Applying these standards, Debtor was responsible for the day to day activities of the Hammerhead's used truck sales and operations. Debtor also knew the Missing Truck was subject to Creal's lien, and Debtor (acting through Hammerhead) accepted the money from Creal under the Floor Plan Agreement. The glaring hole in Creal's case, however, is that no evidence was presented that the Missing Truck was ever on Hammerhead's lot or that Hammerhead or Debtor sold the Missing Truck and kept the money. The only testimony related to the Missing Truck was Creal's final witness who testified that the Missing Truck simply was not on the lot.
"[A] business person will be held to a higher standard than an ordinary individual where it is clear that the business person would be more knowledgeable of the natural consequences of his acts." Id. at 705
In addition, at best, Creal's claim for willful and malicious collateral conversion is limited to the value of the Missing Truck.
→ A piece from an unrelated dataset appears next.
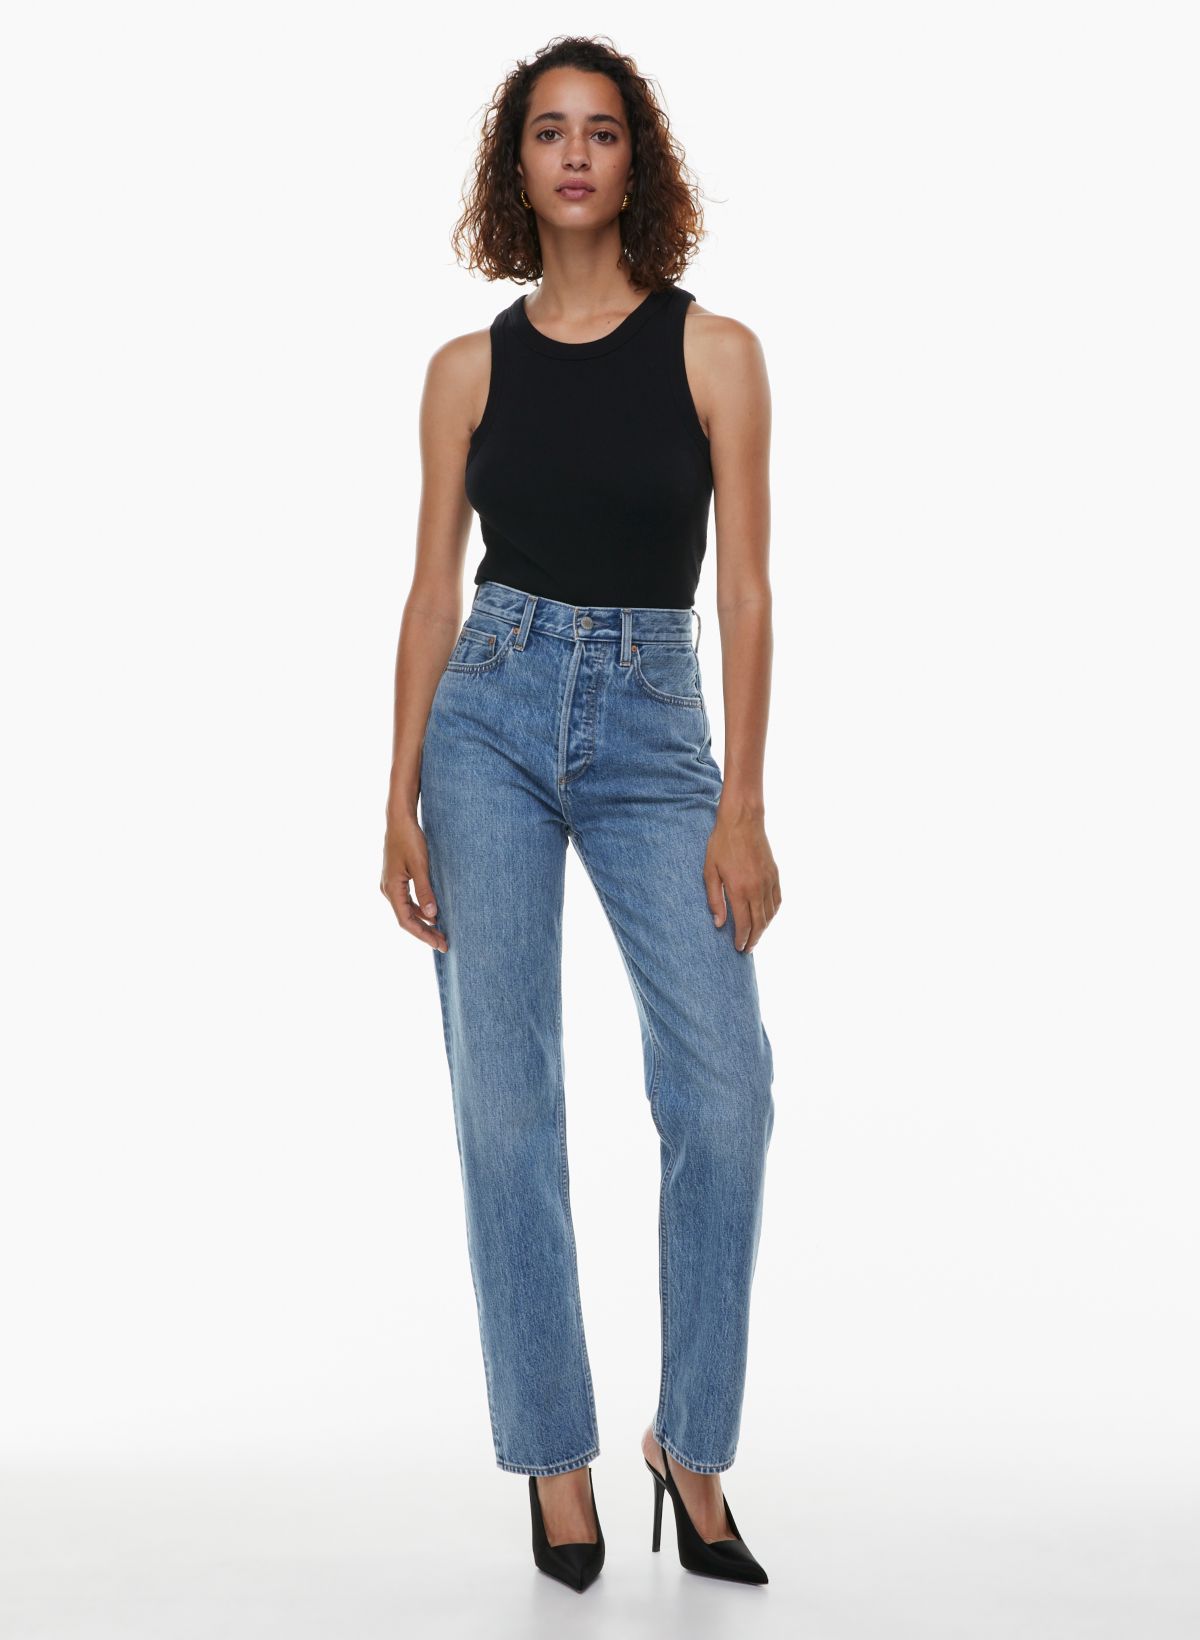 Vintage Calvin Klein High Waist Jeans 32 Waist Tapered Leg 
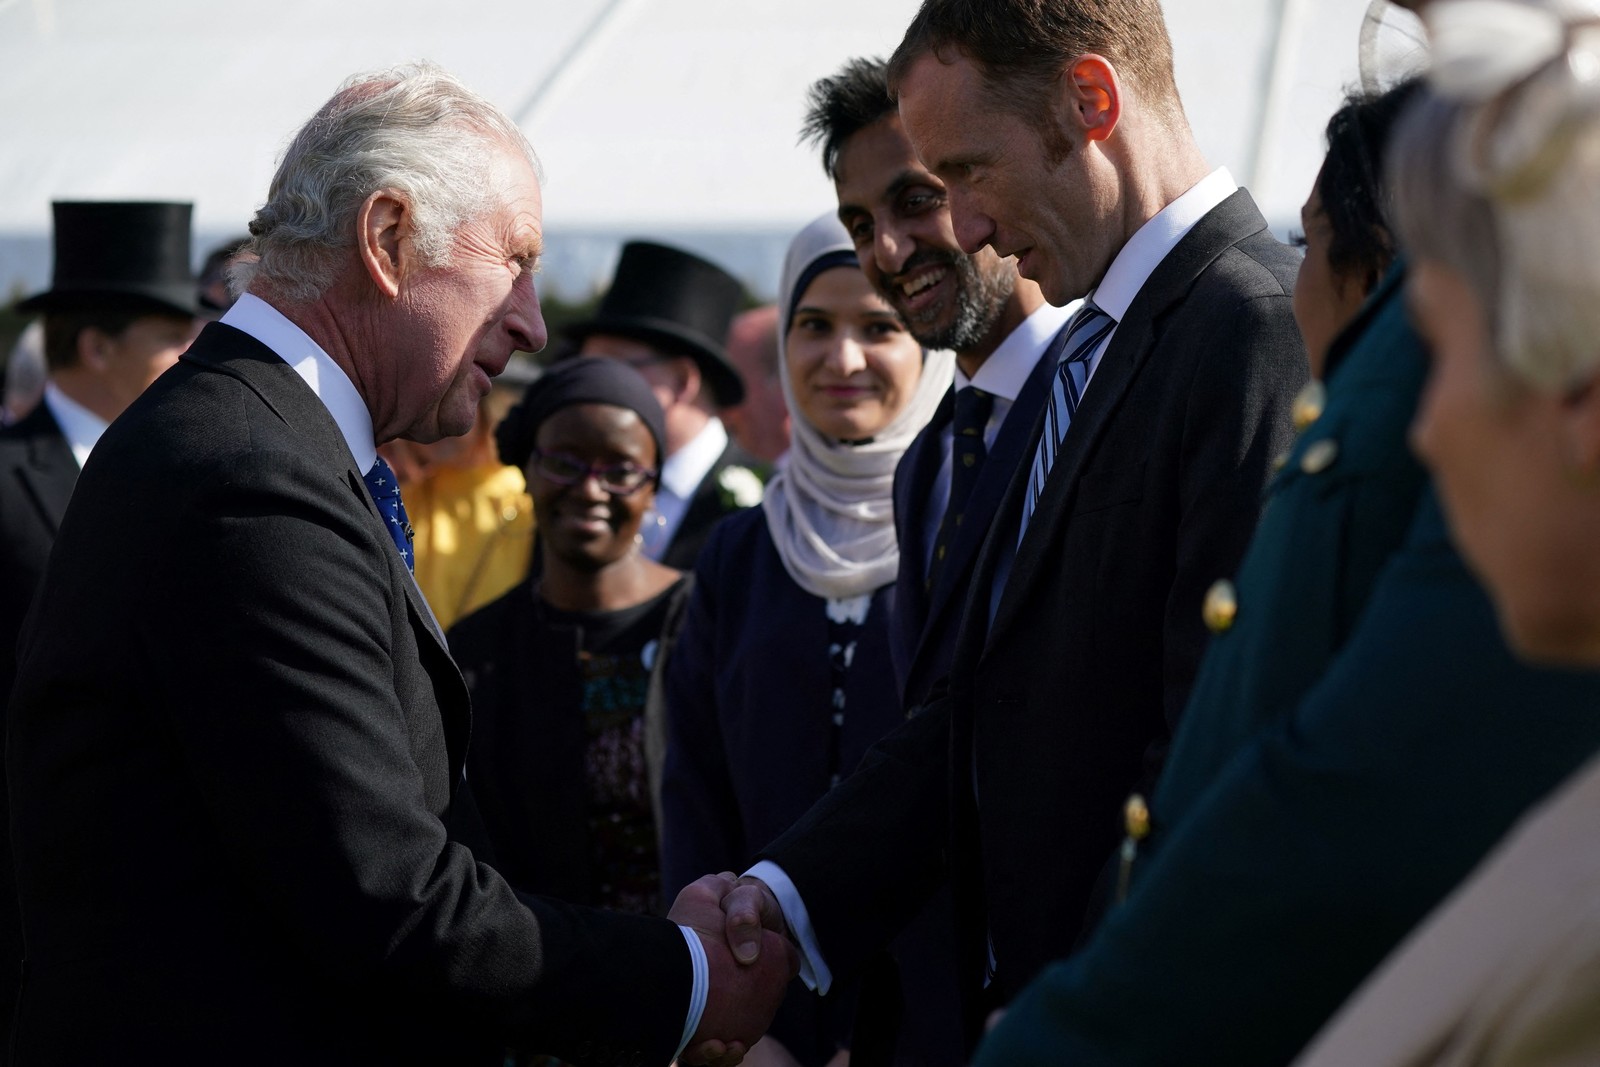 O rei Charles III encontra-se com convidados durante uma recepção no Palácio de Buckingham — Foto: Yui Mok / POOL / AFP

But, after repossessing all of its collateral except the Missing Truck, Hammerhead actually paid Creal approximately $243,000 under the Settlement. So, on this record, even if Creal had established a viable claim for conversion of the Missing Truck, who is to say that Creal's conversion claim has not already been satisfied.
See , e.g. , In re Reid , 598 B.R. 674, 684 (Bankr. S.D. Ala. 2019).
Accordingly, Creal also has not met its burden in establishing a claim for non-dischargeability under section 523(a)(6).
The evidence presented by Creal stands in sharp contrast to what happened in In re Reid , 598 B.R. at 684. There, the evidence established that debtor sold a piece of collateral and used the money to bail out her boyfriend from jail. The debtor also testified that she understood that selling the collateral and keeping the money would harm her creditor. No similar evidence was presented by Creal.
Based on these findings, Debtor's remaining obligation to Creal is subject to discharge and separate judgment will be entered in favor of the Debtor/Defendant.